+++ STORED DATA
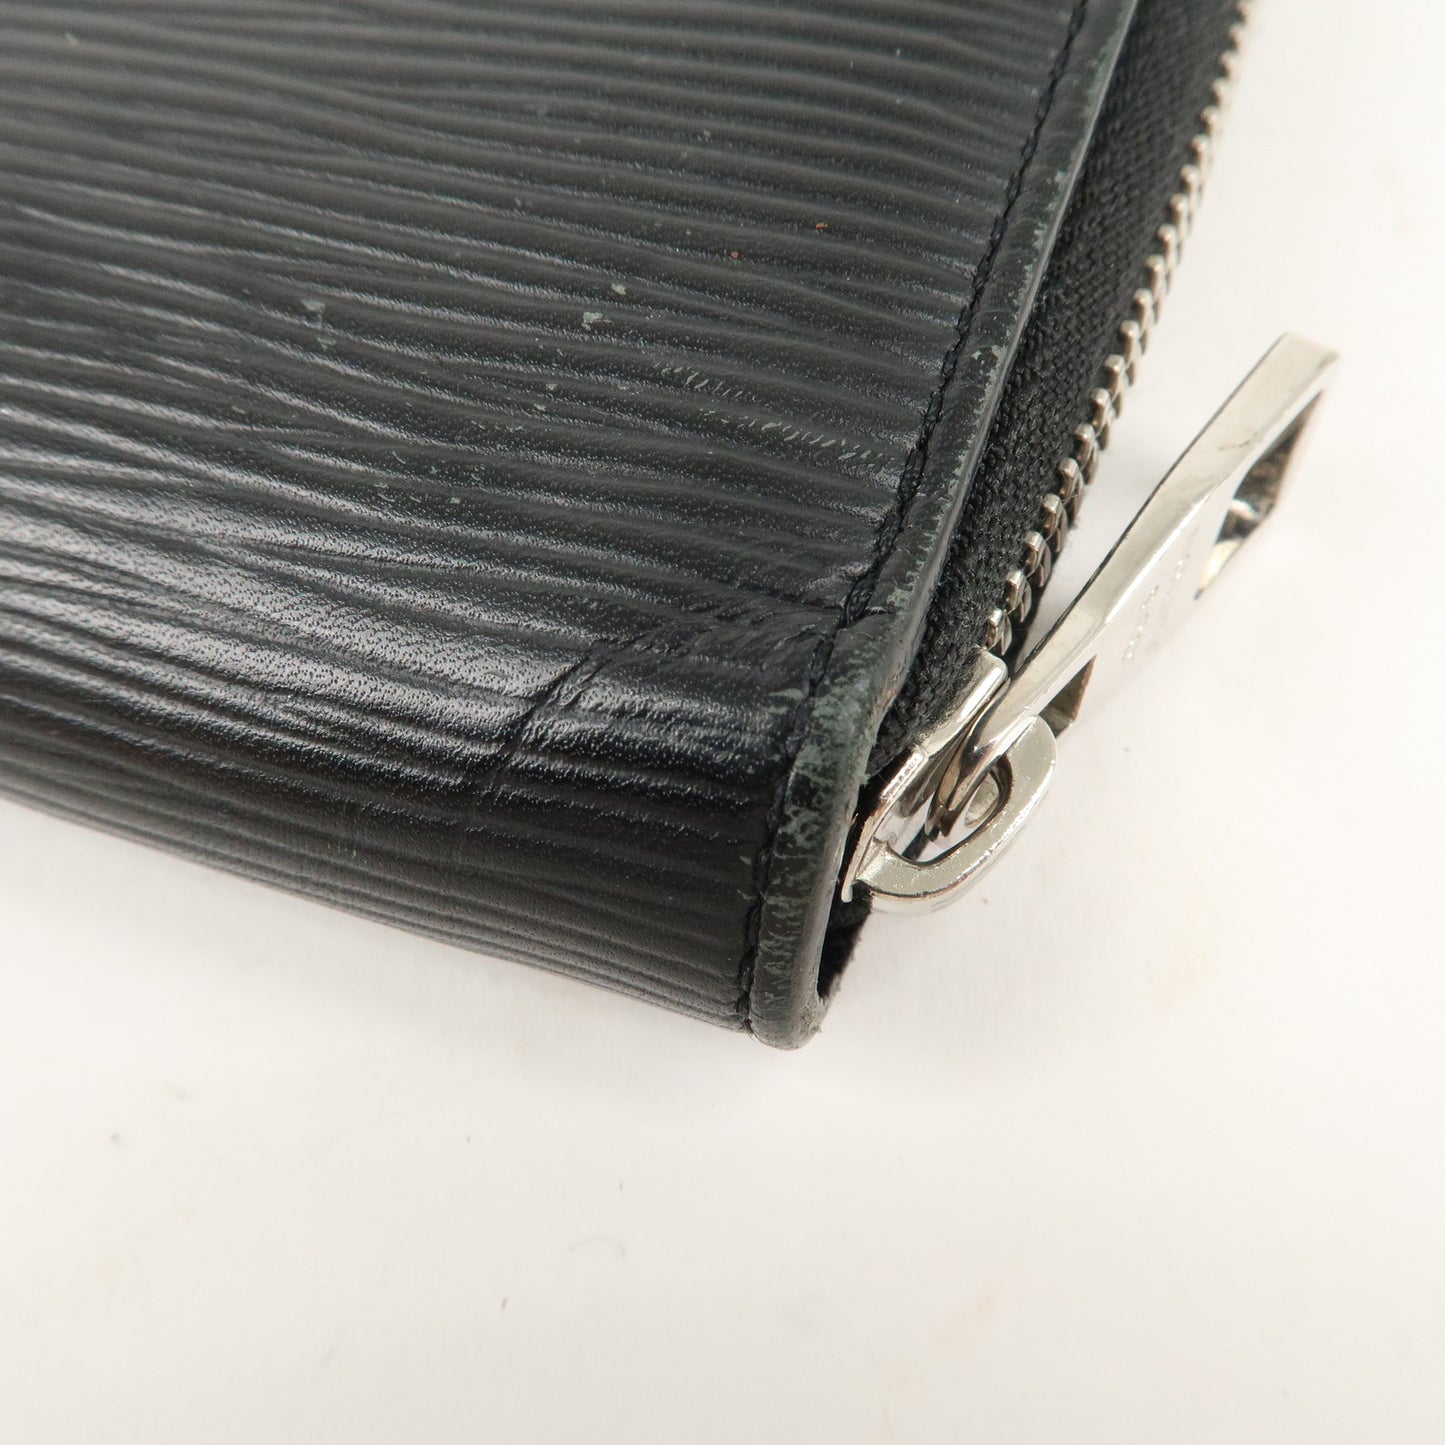 Louis Vuitton Epi Zippy Organizer Wallet Black Noir M63852
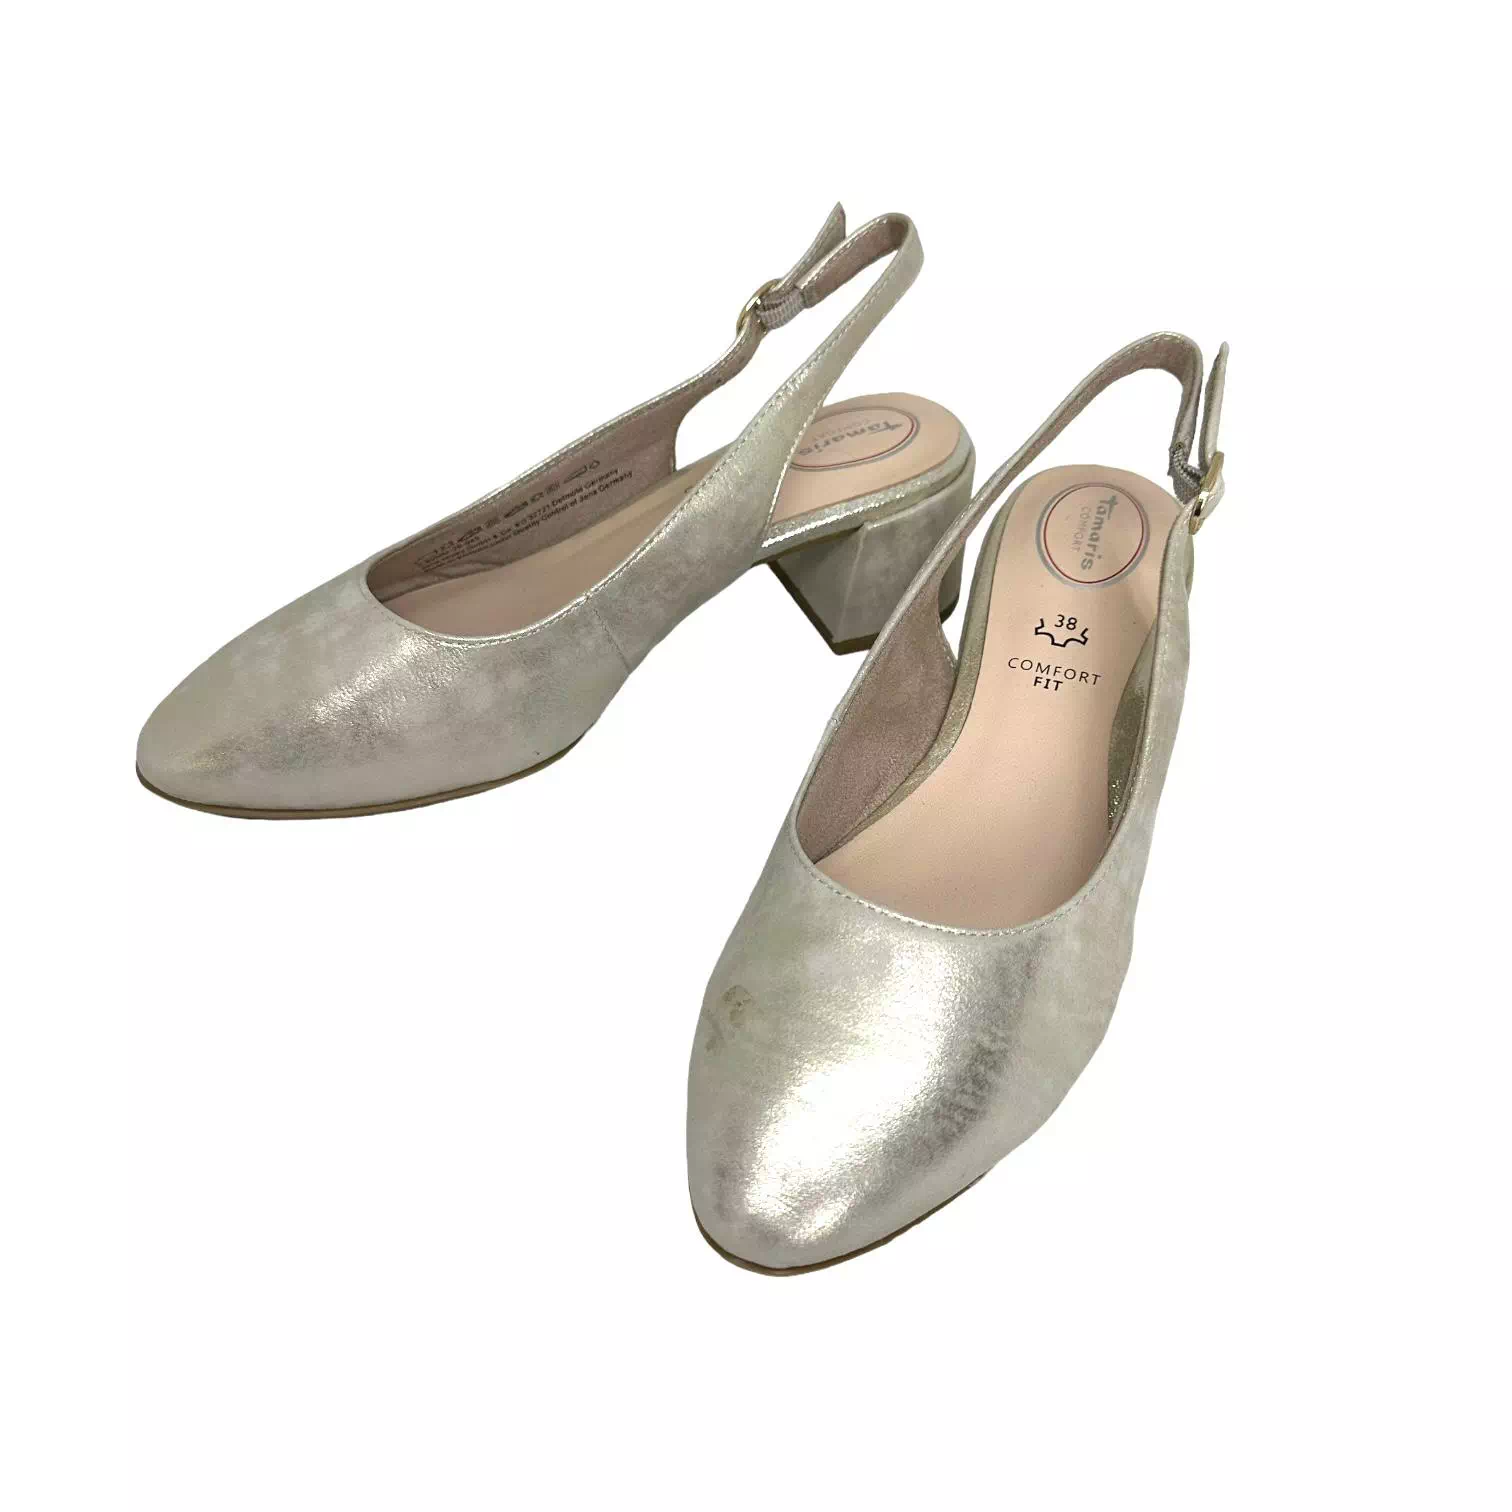 Pantofi Tamaris argintii decupati la spate
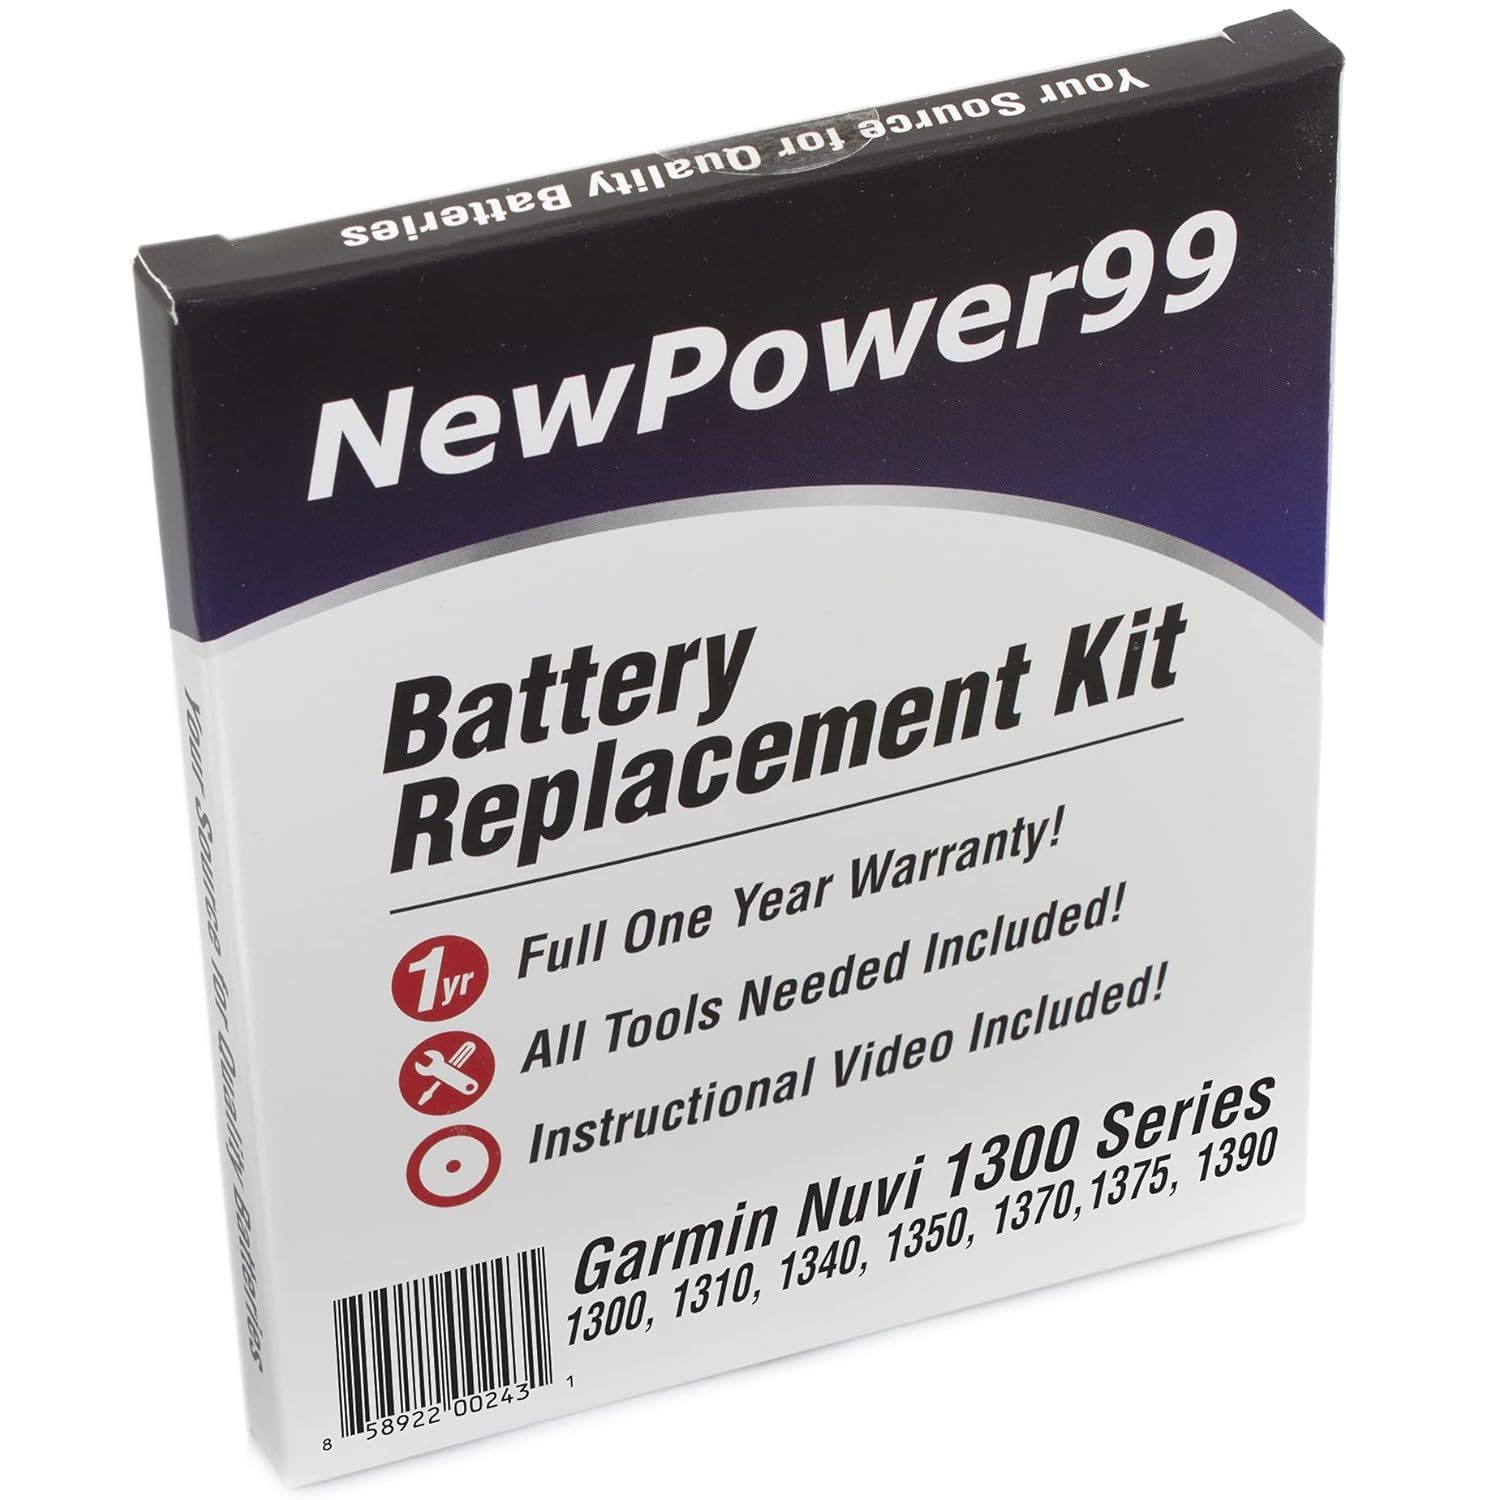 Newpower99 Battery Kit For Garmin Series - 1300, 1350, 1370, 1375, 1390, 1340, 1 - $62.99
++++++
• [WORK REQUEST]
In copying the listing, reproduce each line exactly and omit the pictures.

• [TASK SOLUTION]
 Louis Vuitton Epi Zippy Organizer Wallet Black Noir M63852
 Pantofi Tamaris argintii decupati la spate
 Newpower99 Battery Kit For Garmin Series - 1300, 1350, 1370, 1375, 1390, 1340, 1 - $62.99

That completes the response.